• What you are asked to do: Transcribe the data in full and exactly, omitting any pictures.

• Available data:
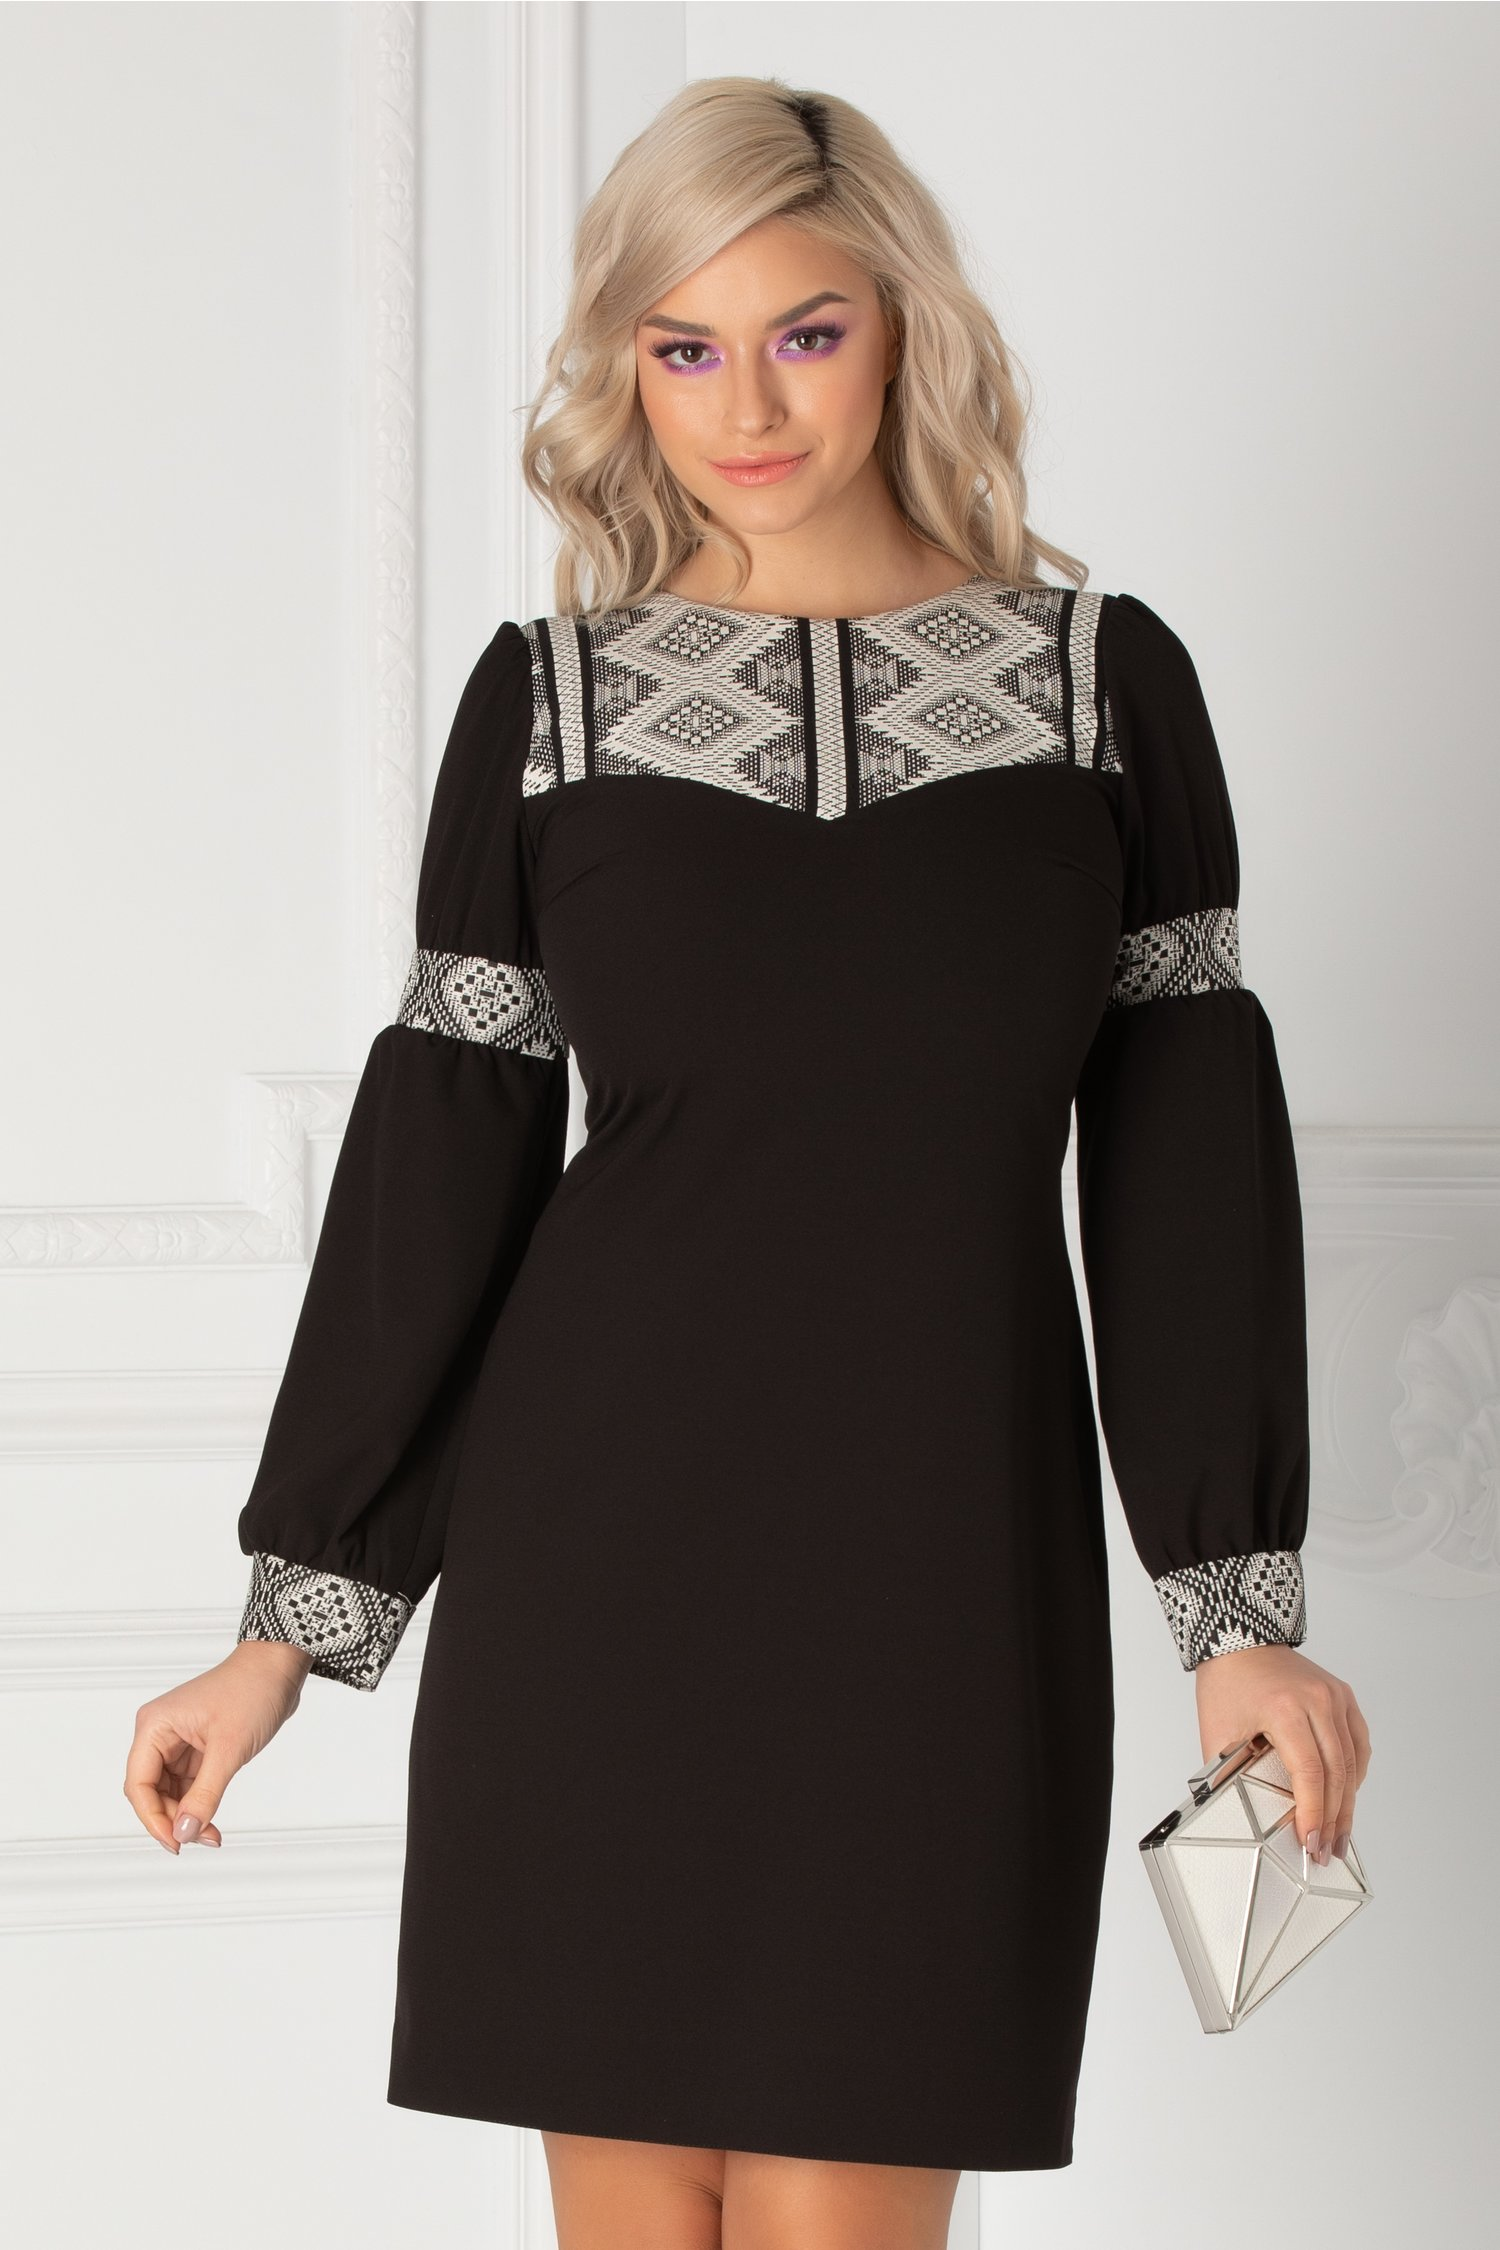 Rochie Moze neagra dreapta cu insertii geometrice albe
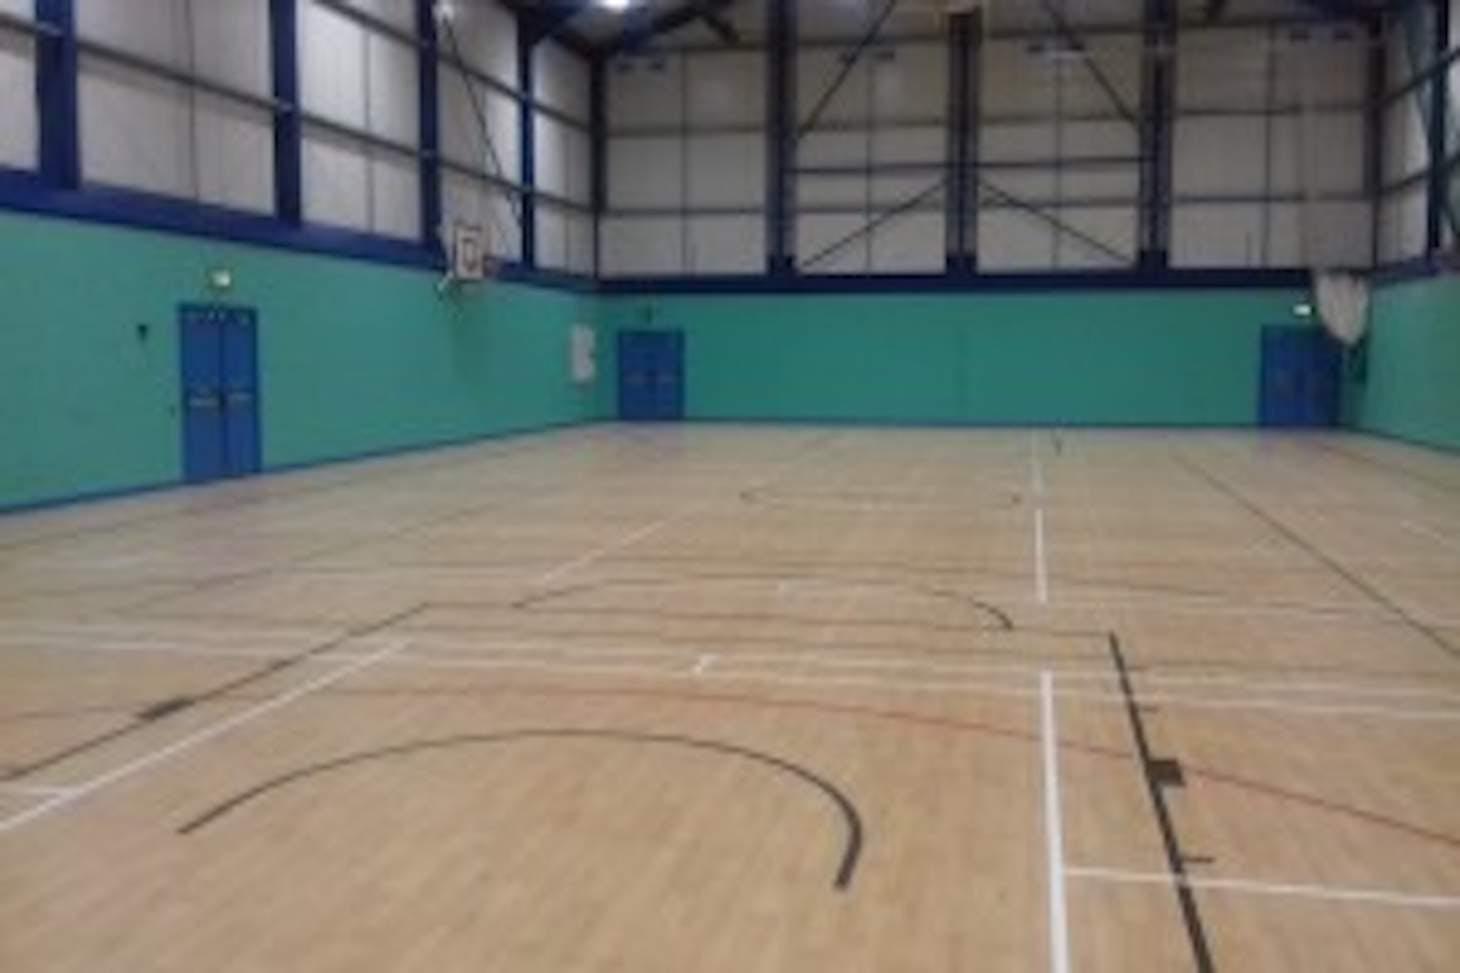 Manchester Enterprise Academy Wythenshawe Nets | Sports hall cricket facilities
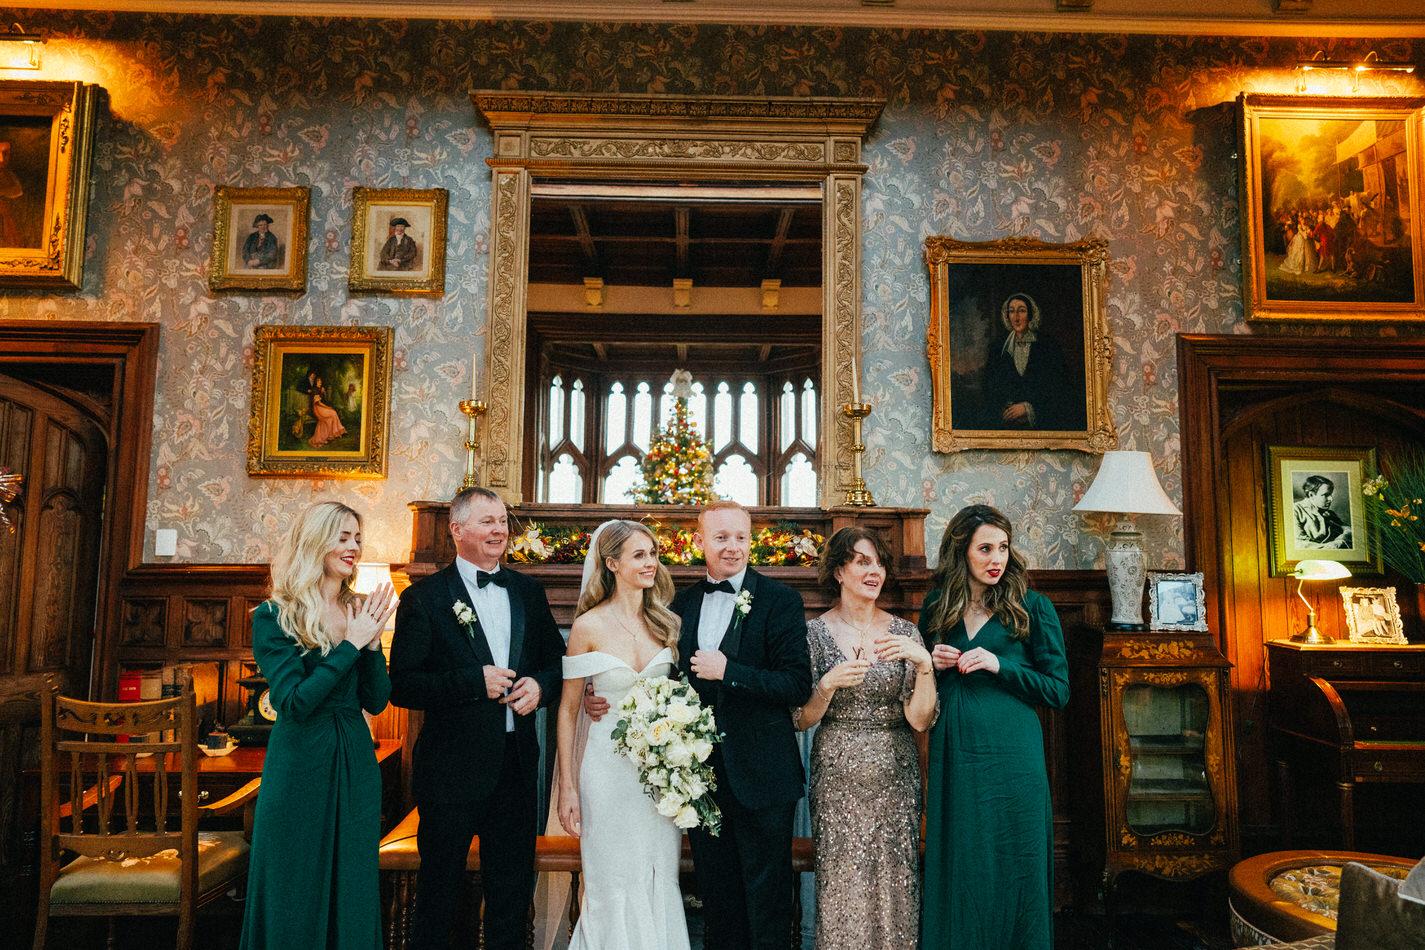 Castle-wedding-ireland-photos- 0239 178
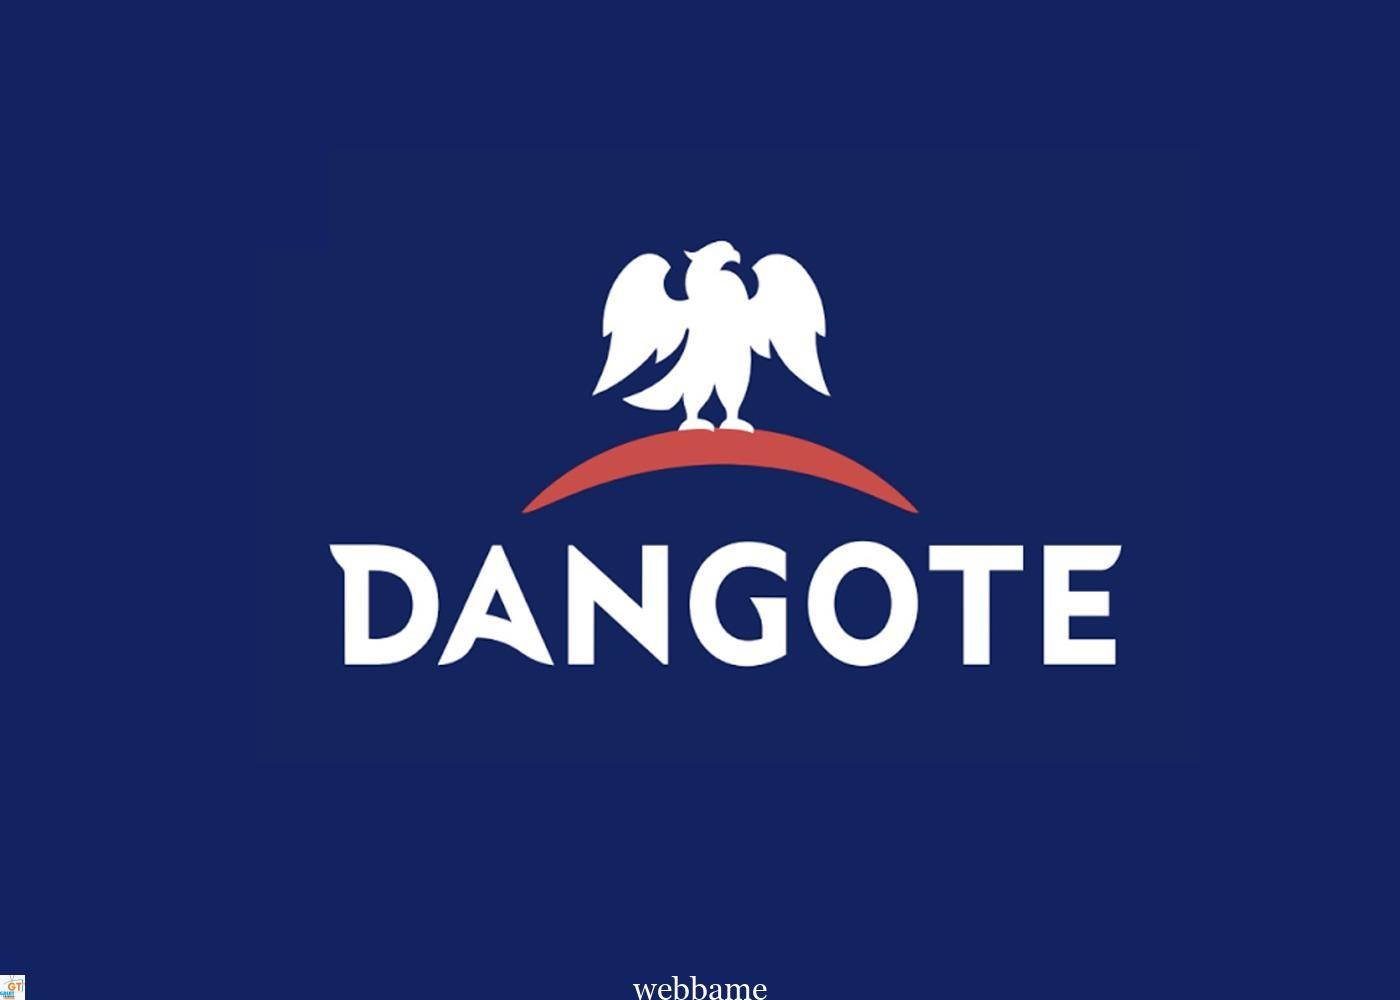 DANGOTE LOGO,GATEWAY TRADE FAIR: DANGOTE READY TO BOOST AGRIC ACTIVITIES THROUGH STARTEGIC INVESTMENTS

• Task answer:
 Rochie Moze neagra dreapta cu insertii geometrice albe
 Manchester Enterprise Academy Wythenshawe Nets | Sports hall cricket facilities
 Castle-wedding-ireland-photos- 0239 178
 DANGOTE LOGO,GATEWAY TRADE FAIR: DANGOTE READY TO BOOST AGRIC ACTIVITIES THROUGH STARTEGIC INVESTMENTS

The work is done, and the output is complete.